Stored items from a collection
+++++
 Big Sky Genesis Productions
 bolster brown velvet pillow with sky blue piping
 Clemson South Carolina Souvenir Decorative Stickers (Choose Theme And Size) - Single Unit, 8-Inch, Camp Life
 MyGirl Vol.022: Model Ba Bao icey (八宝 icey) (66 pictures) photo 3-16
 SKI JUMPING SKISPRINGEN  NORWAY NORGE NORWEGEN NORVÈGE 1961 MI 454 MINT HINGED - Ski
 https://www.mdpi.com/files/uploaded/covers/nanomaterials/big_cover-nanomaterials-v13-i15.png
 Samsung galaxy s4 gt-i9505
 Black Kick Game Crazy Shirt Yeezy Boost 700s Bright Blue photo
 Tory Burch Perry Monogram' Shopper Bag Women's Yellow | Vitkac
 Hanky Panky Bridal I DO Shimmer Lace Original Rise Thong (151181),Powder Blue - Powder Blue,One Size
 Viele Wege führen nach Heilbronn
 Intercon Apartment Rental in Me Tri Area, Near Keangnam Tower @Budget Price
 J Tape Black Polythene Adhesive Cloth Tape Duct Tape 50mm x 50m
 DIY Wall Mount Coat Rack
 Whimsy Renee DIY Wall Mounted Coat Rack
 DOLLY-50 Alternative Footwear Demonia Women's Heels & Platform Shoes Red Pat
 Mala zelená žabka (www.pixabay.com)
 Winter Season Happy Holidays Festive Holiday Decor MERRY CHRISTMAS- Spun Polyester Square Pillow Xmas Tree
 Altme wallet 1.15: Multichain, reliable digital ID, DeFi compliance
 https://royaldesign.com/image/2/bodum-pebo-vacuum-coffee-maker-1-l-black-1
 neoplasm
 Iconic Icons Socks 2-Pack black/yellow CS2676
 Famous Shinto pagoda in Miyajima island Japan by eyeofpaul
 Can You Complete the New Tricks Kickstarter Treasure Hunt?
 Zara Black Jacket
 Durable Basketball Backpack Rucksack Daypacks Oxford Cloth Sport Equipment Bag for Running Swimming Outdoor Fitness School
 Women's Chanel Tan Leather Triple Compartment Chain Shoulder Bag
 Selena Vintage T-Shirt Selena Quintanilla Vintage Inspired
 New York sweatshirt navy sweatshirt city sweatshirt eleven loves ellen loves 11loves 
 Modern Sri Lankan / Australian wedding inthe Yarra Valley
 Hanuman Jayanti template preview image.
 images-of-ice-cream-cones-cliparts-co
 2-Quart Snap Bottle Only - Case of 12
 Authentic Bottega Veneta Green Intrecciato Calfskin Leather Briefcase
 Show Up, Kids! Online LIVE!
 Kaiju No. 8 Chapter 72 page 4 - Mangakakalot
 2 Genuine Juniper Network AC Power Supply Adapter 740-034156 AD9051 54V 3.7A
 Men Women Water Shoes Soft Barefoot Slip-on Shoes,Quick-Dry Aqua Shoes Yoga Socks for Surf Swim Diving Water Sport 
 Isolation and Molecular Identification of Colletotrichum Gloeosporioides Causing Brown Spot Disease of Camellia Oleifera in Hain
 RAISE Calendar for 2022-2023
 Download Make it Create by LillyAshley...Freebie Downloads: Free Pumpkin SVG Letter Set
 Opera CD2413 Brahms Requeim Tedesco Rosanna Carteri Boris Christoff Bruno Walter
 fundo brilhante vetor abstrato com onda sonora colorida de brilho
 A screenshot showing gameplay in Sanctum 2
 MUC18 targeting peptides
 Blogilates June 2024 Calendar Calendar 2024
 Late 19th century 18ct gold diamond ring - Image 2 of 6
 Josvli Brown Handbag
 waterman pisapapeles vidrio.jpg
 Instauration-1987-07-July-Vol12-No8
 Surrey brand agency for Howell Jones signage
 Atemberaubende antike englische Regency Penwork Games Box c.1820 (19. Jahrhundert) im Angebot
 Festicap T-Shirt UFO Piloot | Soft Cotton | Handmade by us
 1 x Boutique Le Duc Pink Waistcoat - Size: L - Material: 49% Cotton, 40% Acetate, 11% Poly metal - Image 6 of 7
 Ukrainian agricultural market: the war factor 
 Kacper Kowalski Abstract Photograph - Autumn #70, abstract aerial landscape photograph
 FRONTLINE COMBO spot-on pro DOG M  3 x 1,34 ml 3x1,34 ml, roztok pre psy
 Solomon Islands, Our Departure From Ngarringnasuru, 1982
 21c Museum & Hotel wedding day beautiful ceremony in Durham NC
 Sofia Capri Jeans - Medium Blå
+++++
** Work required **
Using the data above, transcribe the lines that run from the line with "Clemson South Carolina" to the line with "DIY Wall Mount Coat Rack", both ends kept, and output nothing else.

** Reply **
 Clemson South Carolina Souvenir Decorative Stickers (Choose Theme And Size) - Single Unit, 8-Inch, Camp Life
 MyGirl Vol.022: Model Ba Bao icey (八宝 icey) (66 pictures) photo 3-16
 SKI JUMPING SKISPRINGEN  NORWAY NORGE NORWEGEN NORVÈGE 1961 MI 454 MINT HINGED - Ski
 https://www.mdpi.com/files/uploaded/covers/nanomaterials/big_cover-nanomaterials-v13-i15.png
 Samsung galaxy s4 gt-i9505
 Black Kick Game Crazy Shirt Yeezy Boost 700s Bright Blue photo
 Tory Burch Perry Monogram' Shopper Bag Women's Yellow | Vitkac
 Hanky Panky Bridal I DO Shimmer Lace Original Rise Thong (151181),Powder Blue - Powder Blue,One Size
 Viele Wege führen nach Heilbronn
 Intercon Apartment Rental in Me Tri Area, Near Keangnam Tower @Budget Price
 J Tape Black Polythene Adhesive Cloth Tape Duct Tape 50mm x 50m
 DIY Wall Mount Coat Rack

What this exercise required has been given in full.